Pyspark: write json from schema-CodePudding

I need to delete certain entries from nested Json files. As far as I know, I cant just delete them from the json file directly, so my next choice would be to load them into a pyspark dataframe, delete the entries there, create a new json with the same schema (& preferably the same name) and replace the old json file.
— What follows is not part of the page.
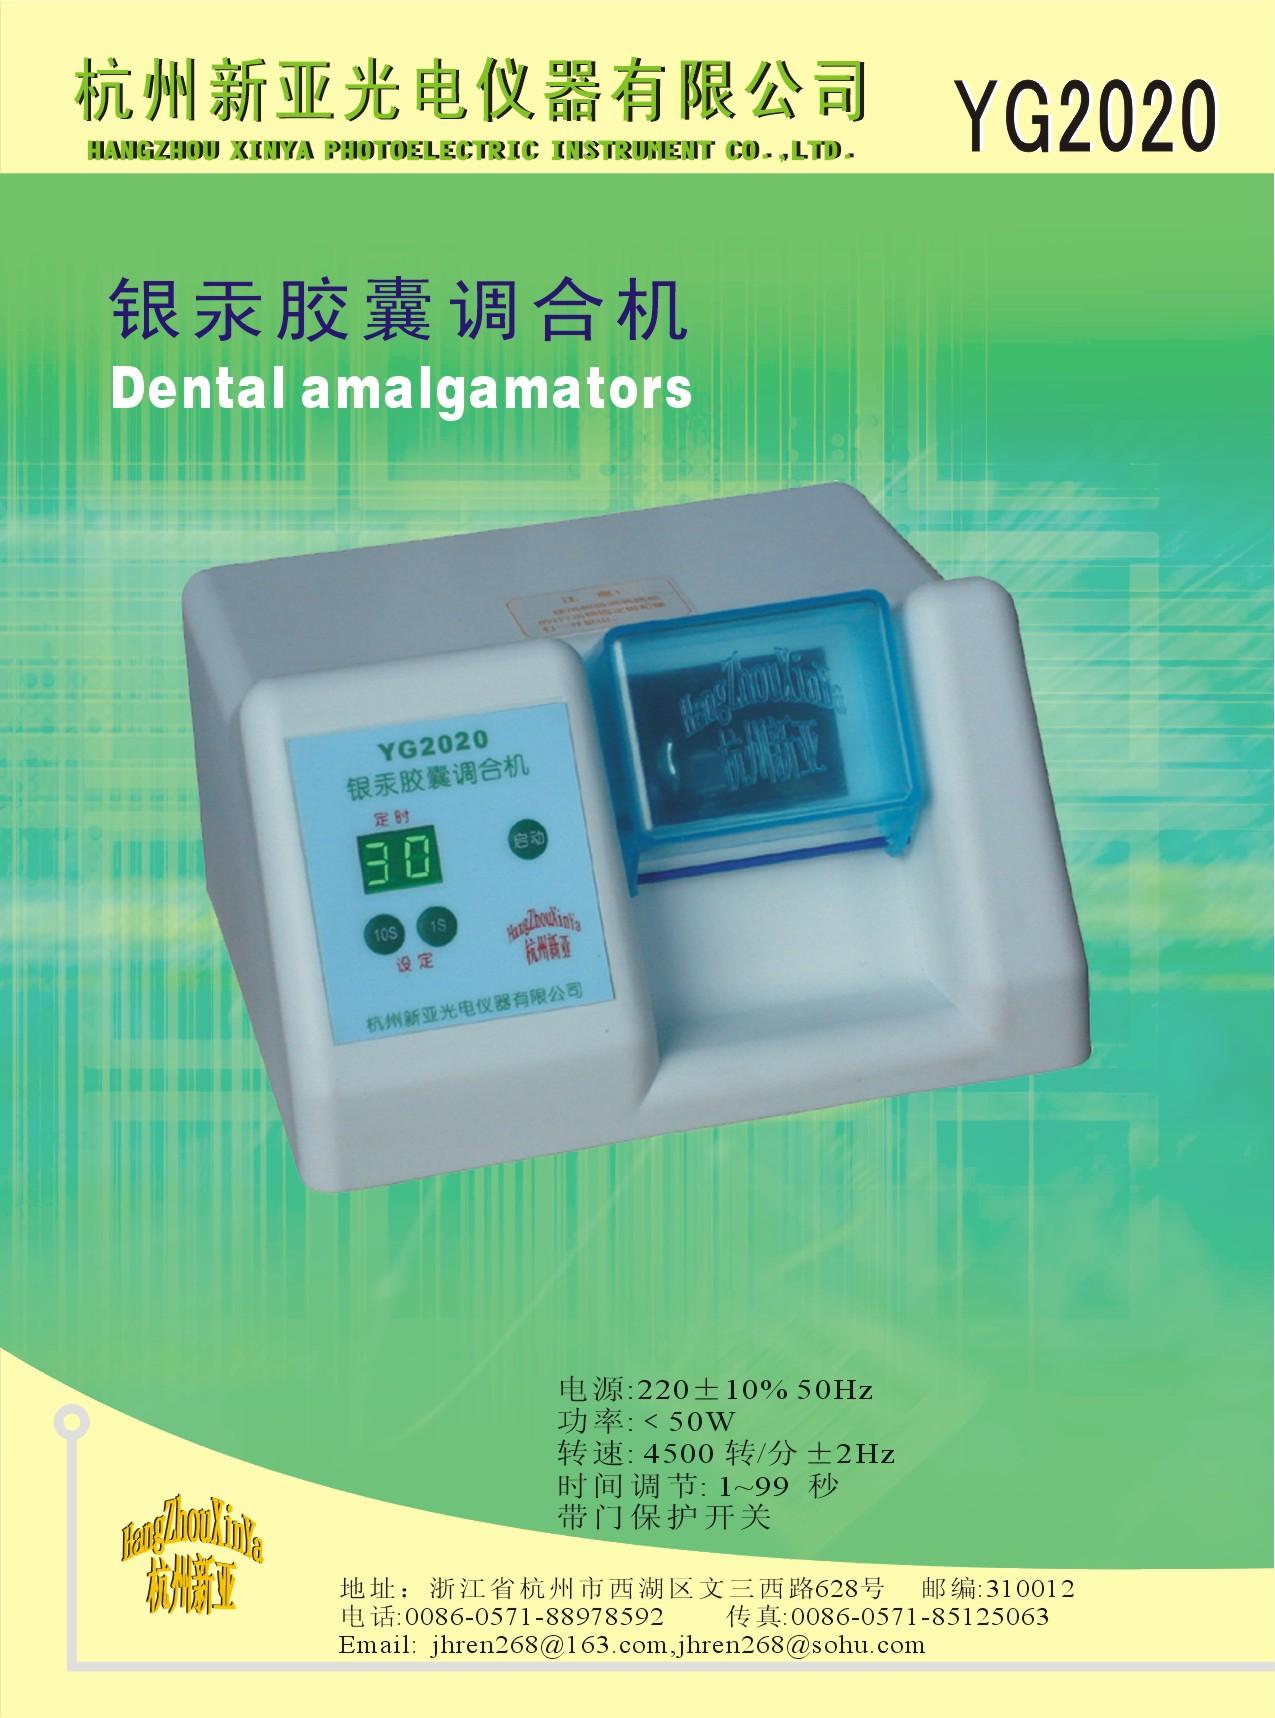 杭州新亚 银汞胶囊调合器 YG2020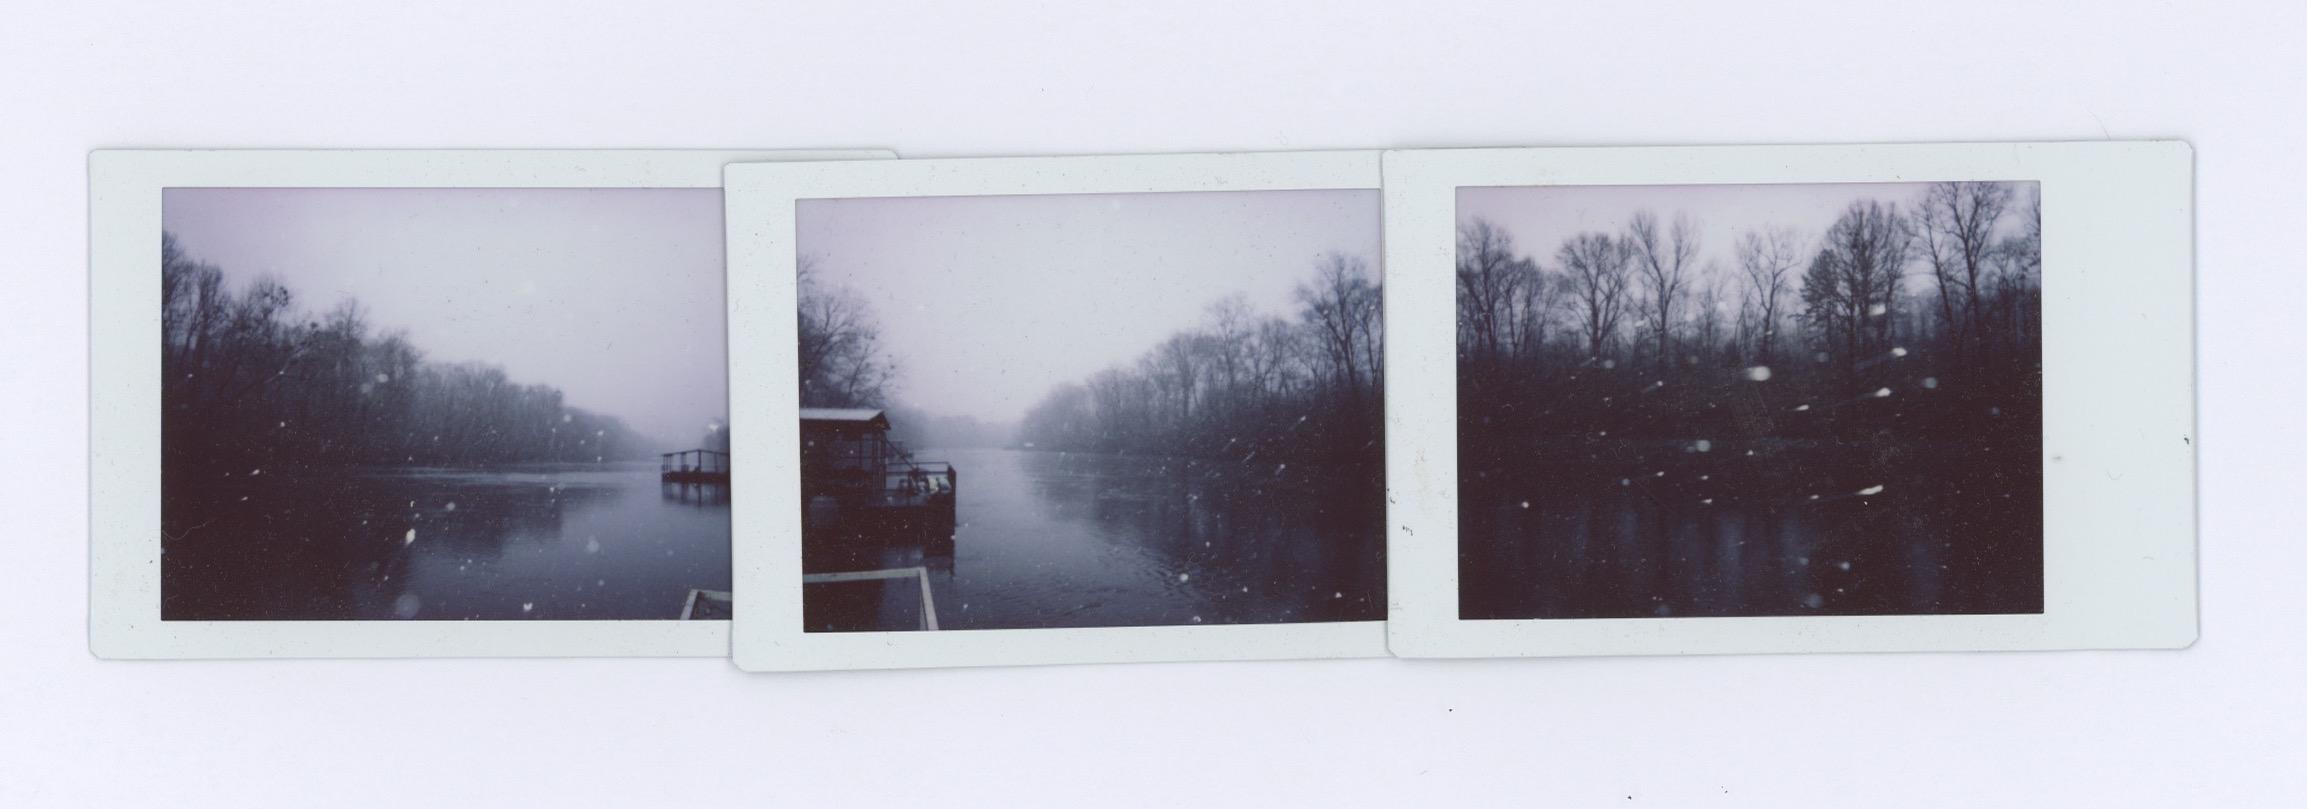 snow_in_arkansas.jpeg

I have extracted the schema into a json file, is there a way to write the dataframe back into a json file, somehow parsing the extracted schema?

Thanks!

CodePudding user response：

Spark DataFrameWriter also has a method mode() to specify SaveMode; the argument to this method either takes below string or a constant from SaveMode class.

overwrite – mode is used to overwrite the existing file, alternatively, you can use SaveMode.Overwrite.

append – To add the data to the existing file, alternatively, you can use SaveMode.Append.

ignore – Ignores write operation when the file already exists, alternatively you can use SaveMode.Ignore.

errorifexists or error – This is a default option when the file already exists, it returns an error, alternatively, you can use SaveMode.ErrorIfExists.

df2.write.mode(SaveMode.Overwrite).json("/tmp/spark_output/zipcodes.json")

CodePudding user response：

do you need to read multiple different JSON format files to the specified "Schema" format?
Then override off the old?